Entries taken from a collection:
____

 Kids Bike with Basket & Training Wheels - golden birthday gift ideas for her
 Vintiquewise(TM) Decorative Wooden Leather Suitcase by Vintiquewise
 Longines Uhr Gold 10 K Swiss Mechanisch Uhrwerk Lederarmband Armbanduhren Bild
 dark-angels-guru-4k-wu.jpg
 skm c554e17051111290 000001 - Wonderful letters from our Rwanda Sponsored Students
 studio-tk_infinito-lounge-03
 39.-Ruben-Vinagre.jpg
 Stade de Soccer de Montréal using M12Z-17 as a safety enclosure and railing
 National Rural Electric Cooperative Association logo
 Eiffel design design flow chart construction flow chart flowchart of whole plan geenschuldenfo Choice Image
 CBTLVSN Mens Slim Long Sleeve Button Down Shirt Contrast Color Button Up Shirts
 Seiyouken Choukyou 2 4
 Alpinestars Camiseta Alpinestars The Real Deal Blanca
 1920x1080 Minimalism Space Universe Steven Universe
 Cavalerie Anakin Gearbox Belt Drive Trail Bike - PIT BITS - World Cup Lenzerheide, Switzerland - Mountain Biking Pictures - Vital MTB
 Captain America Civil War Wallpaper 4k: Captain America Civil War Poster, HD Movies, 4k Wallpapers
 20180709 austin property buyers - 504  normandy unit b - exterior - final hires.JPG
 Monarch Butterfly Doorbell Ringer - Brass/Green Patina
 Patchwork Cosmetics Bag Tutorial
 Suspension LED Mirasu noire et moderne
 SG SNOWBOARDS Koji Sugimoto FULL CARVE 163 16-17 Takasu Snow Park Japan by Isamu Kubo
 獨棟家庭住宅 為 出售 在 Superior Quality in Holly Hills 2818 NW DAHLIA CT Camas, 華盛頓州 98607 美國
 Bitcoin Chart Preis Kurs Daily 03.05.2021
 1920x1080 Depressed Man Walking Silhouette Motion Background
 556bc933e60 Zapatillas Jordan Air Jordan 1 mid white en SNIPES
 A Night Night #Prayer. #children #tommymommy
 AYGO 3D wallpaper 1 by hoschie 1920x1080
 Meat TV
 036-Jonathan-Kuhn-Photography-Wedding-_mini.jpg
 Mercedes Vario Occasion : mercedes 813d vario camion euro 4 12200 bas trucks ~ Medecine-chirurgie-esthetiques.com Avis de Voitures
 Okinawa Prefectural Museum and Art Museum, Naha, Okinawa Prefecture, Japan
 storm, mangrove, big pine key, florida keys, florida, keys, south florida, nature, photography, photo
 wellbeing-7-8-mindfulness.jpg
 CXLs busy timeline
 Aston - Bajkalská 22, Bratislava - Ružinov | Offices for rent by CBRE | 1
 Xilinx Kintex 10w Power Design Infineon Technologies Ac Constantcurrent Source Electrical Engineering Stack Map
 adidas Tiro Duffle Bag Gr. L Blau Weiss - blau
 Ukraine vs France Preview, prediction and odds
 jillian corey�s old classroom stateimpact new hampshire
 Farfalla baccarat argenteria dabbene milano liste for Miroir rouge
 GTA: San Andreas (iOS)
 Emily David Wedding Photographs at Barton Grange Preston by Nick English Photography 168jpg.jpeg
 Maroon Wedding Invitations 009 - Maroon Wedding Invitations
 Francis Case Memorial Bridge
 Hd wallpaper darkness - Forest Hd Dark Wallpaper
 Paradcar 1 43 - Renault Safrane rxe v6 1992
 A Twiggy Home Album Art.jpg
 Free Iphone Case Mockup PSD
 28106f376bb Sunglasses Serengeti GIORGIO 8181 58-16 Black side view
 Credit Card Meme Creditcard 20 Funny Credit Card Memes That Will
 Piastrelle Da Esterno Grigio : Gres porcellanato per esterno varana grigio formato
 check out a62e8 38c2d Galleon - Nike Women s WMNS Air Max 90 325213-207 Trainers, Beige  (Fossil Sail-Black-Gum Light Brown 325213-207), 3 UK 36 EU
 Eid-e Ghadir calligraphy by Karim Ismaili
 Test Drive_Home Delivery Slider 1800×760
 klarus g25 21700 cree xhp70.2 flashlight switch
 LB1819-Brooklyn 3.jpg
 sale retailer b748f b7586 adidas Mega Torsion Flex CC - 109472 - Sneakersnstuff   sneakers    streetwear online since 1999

____

▶ _Task description_:
The records above should be printed exactly, please, from the first line through the line containing "39.-Ruben-Vinagre.jpg", with both ends kept and nothing past it.

▶ _Solution to this exercise_:
 Kids Bike with Basket & Training Wheels - golden birthday gift ideas for her
 Vintiquewise(TM) Decorative Wooden Leather Suitcase by Vintiquewise
 Longines Uhr Gold 10 K Swiss Mechanisch Uhrwerk Lederarmband Armbanduhren Bild
 dark-angels-guru-4k-wu.jpg
 skm c554e17051111290 000001 - Wonderful letters from our Rwanda Sponsored Students
 studio-tk_infinito-lounge-03
 39.-Ruben-Vinagre.jpg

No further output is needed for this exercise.